これ以上2人の幸せそうな姿を見ていられず、オレは足早にその場を去り、自宅へと戻ることにした。
部屋のベッドで仰向けになり、天井をじっと見つめる。
はあ………。
真紗に、彼氏が出来てしまった。
『私を彼女にしたがる人いないと思うけど。瑞希に相手が出来る方がずっと早いよ』
真紗は本当にうそつきだ。
あんな事を言って、たったの半年で彼氏を作ってしまったじゃないか。
オレ、どうしようかな。
ずっと、元の関係に戻れる事を期待して待っていたけれど、真紗はもうオレの手の届かない所に行ってしまった。
定期テストの度に開かれていた勉強会も、もうおしまいだ。
オレも、誰か適当な子を彼女にでもして、もう忘れた方がいいのかな…。
………。
そんな気分には、当分なれそうもないな。
こうしてオレは、暫く鬱々とした毎日を過ごすのだった。
◆ ◇ ◇ ◇
「ええっ!」
鬱々と過ごしたオレの数日は何だったのか。
笹川が好きで告白したのではない、と真紗が突然言い出した。
なんだ。
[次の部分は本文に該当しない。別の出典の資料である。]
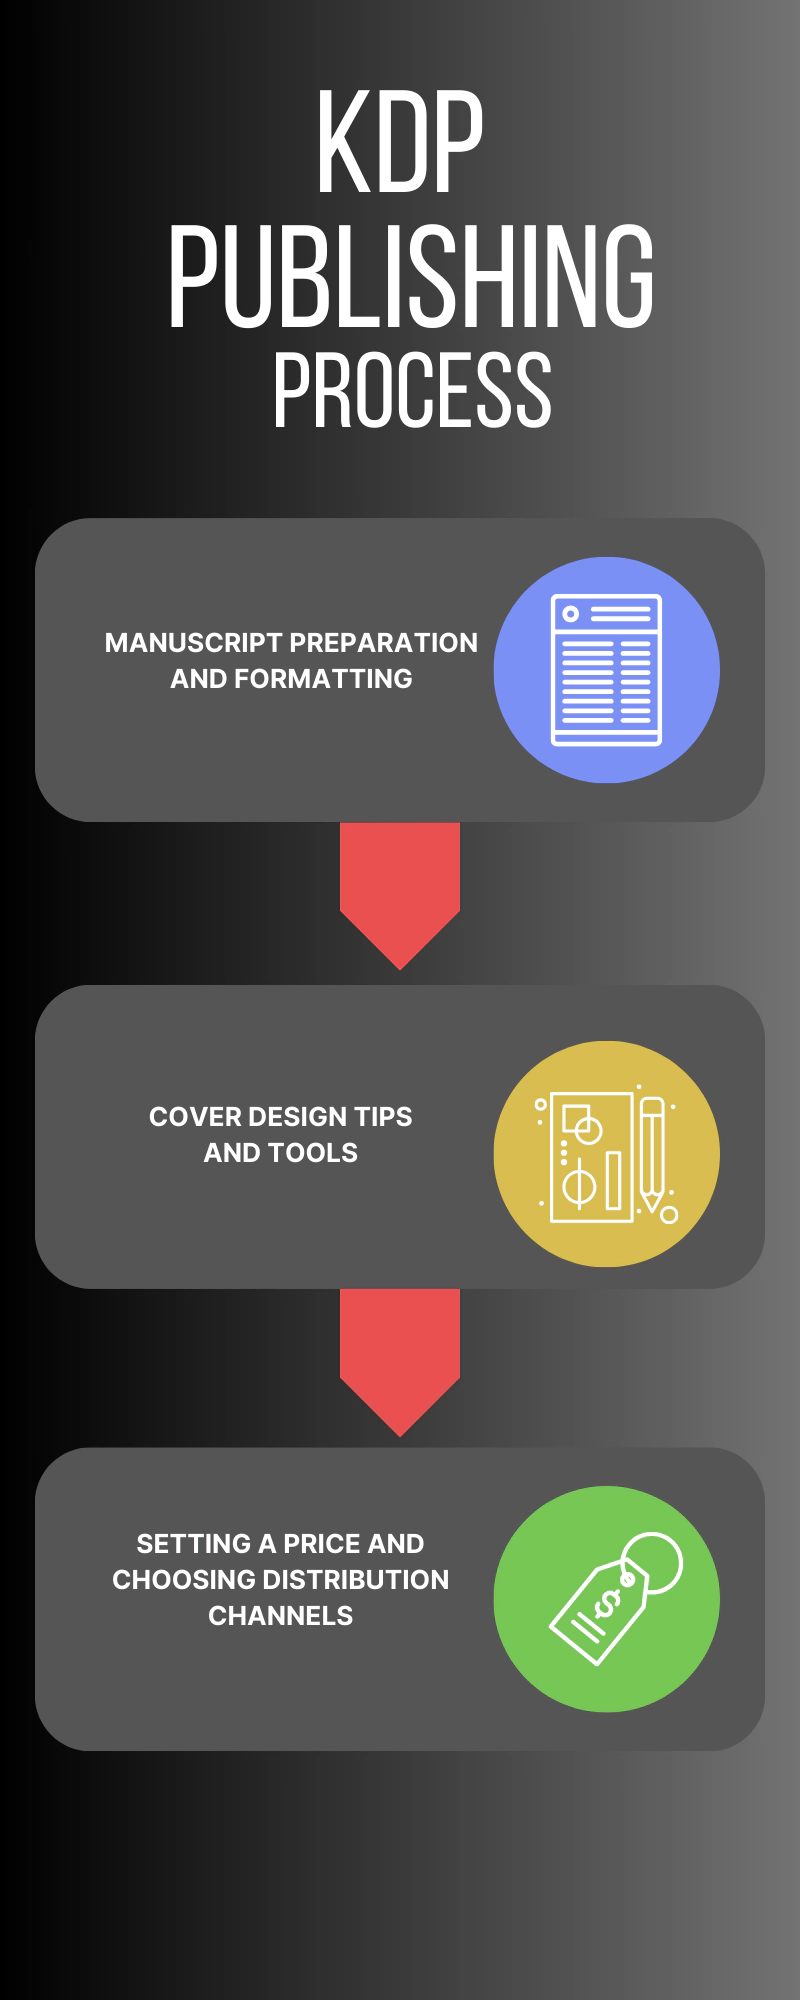 KDP Publishing Process Infographic
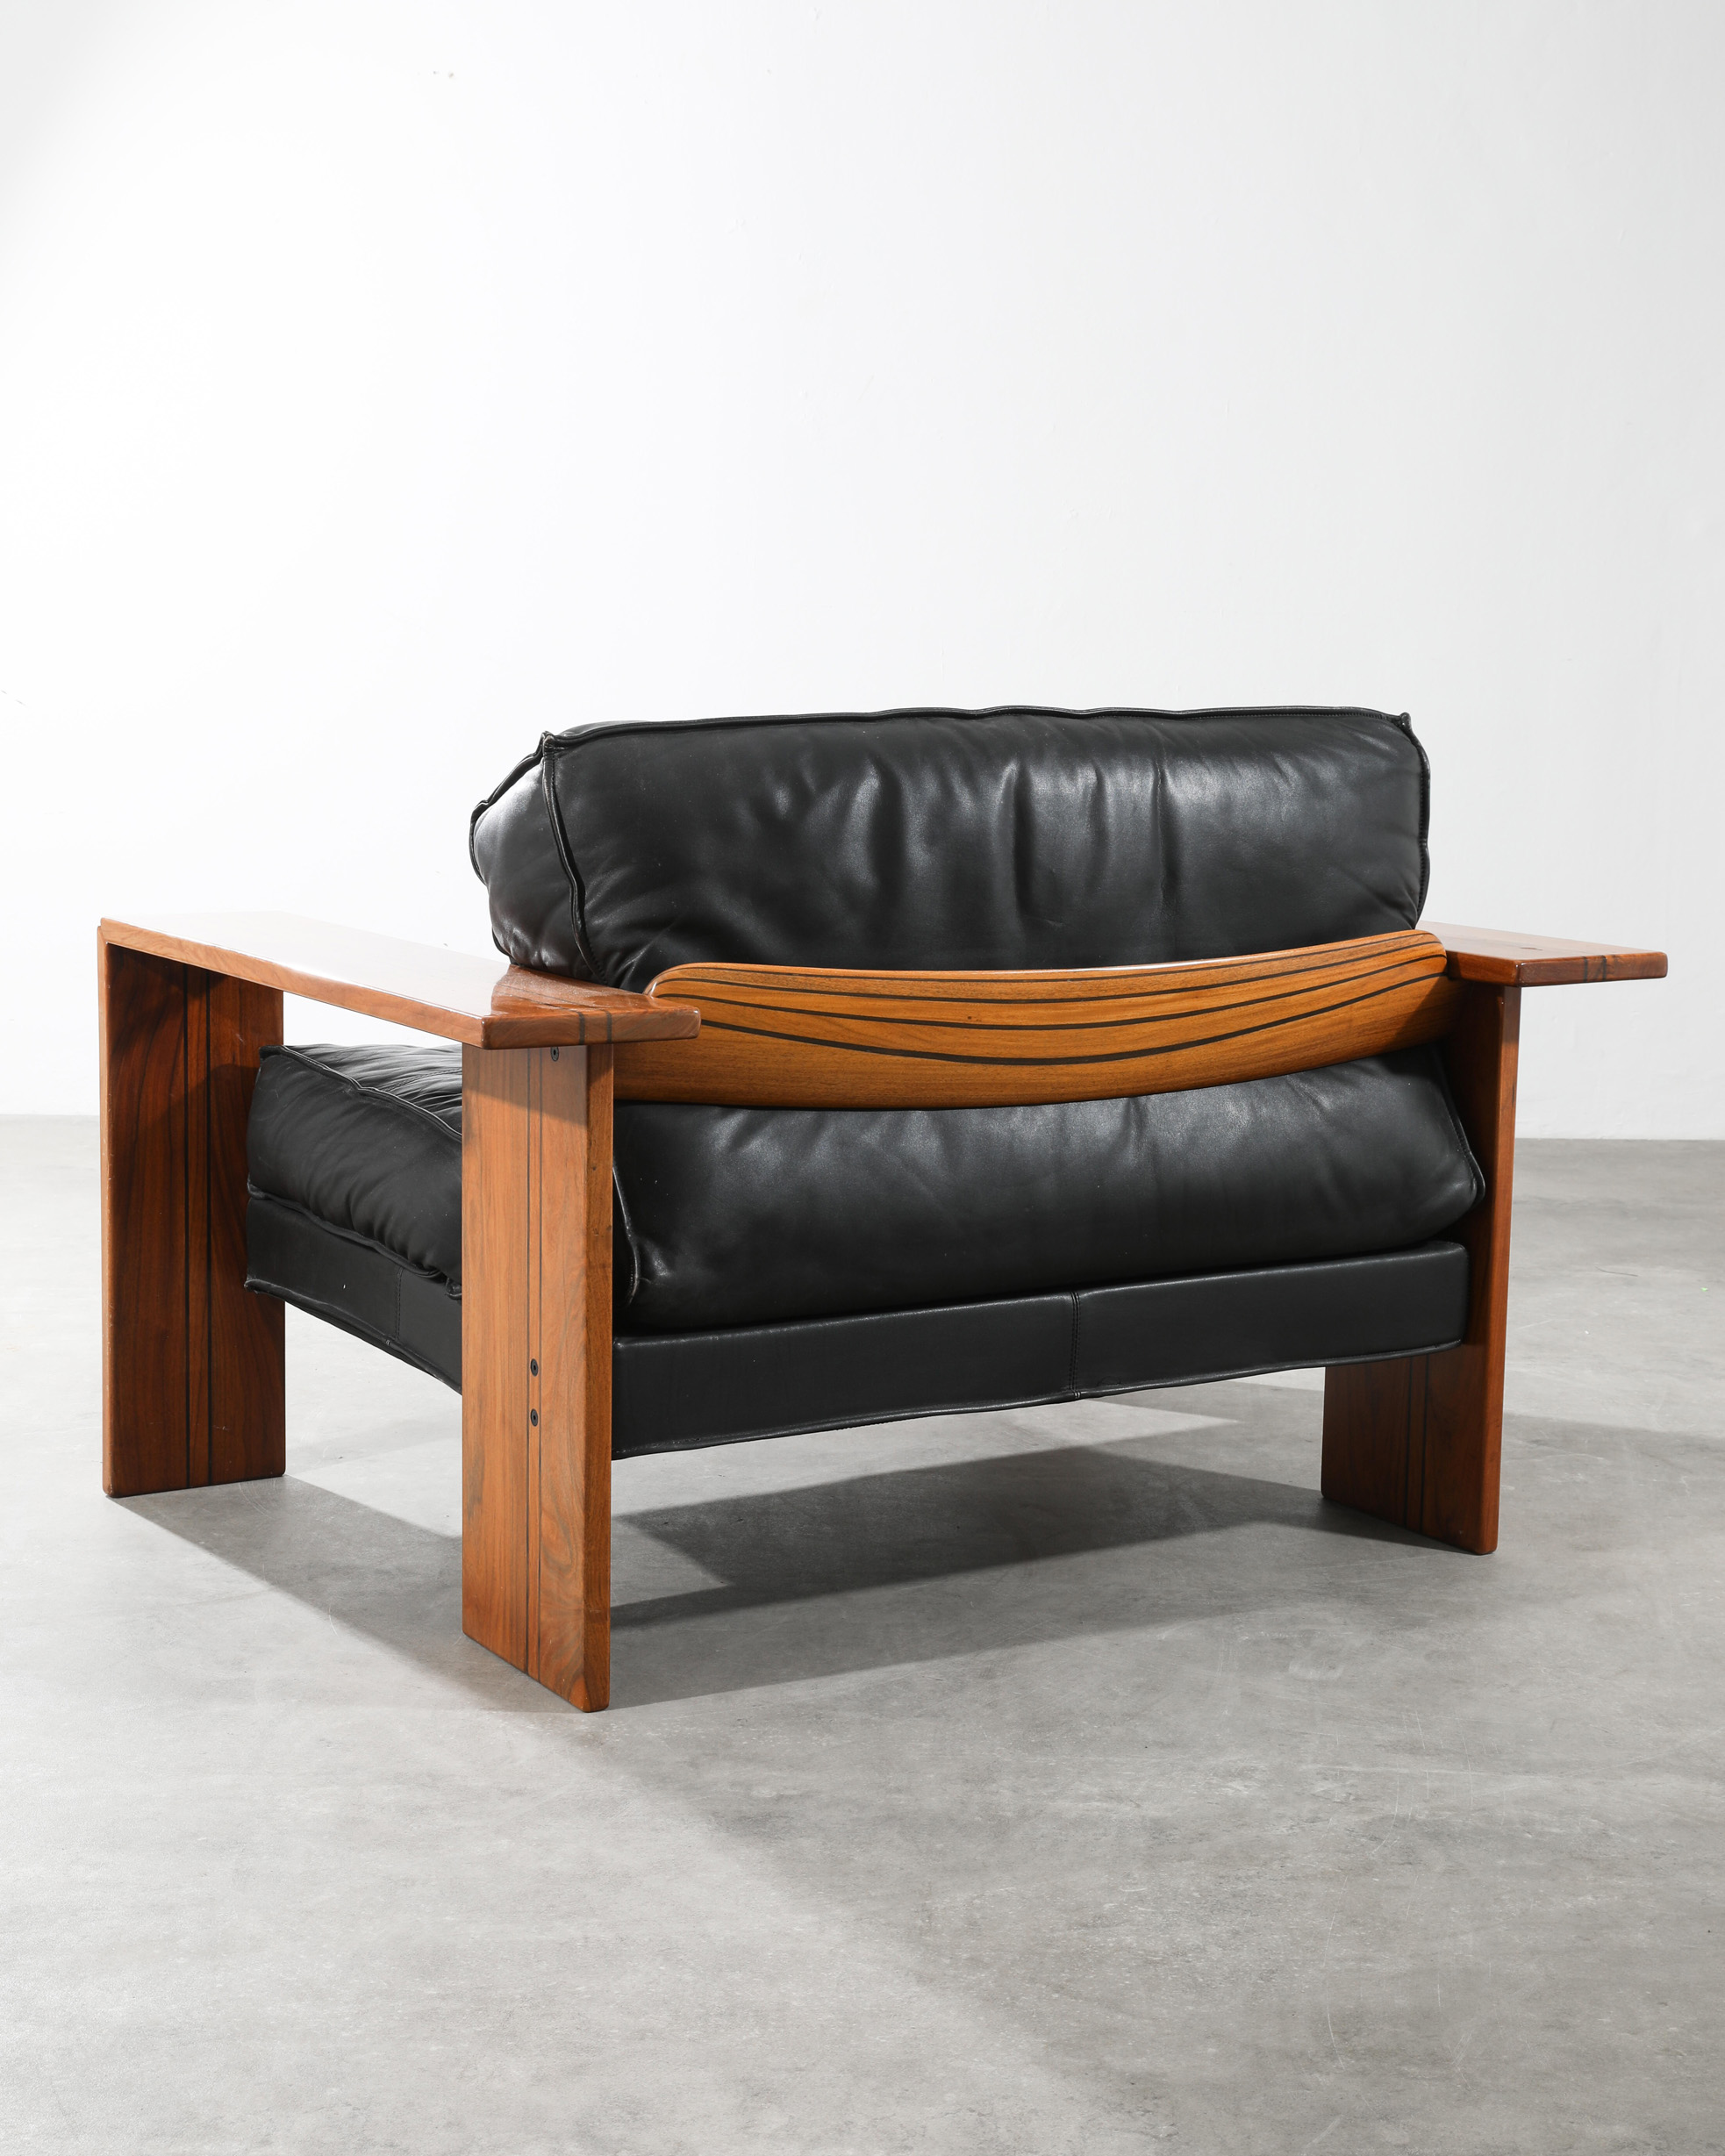 Afra & Tobia Scarpa, Maxalto, Lounge Chair Model Artona - Image 5 of 6

違ったのか。
良かった…!
頬が緩みそうになるのを必死で止め、真面目な表情を作る。
どうしよう、なんて言われたけれど、そんなの、正直に言うしかないじゃないか。
真紗は気が進まない様子だけど。
橋野さんに嫌われてしまう事を恐れているようだ。
それか――。
鬱々とさせられたオレの心の癒しも兼ねて、代替案を一つ、提案してみようか。
笹川は真紗に本気ではないようだし。
真紗はきっと乗る。
デートの日までベタベタされるのは癪だけれど、学校の中では、そこまで大胆な真似も出来まい。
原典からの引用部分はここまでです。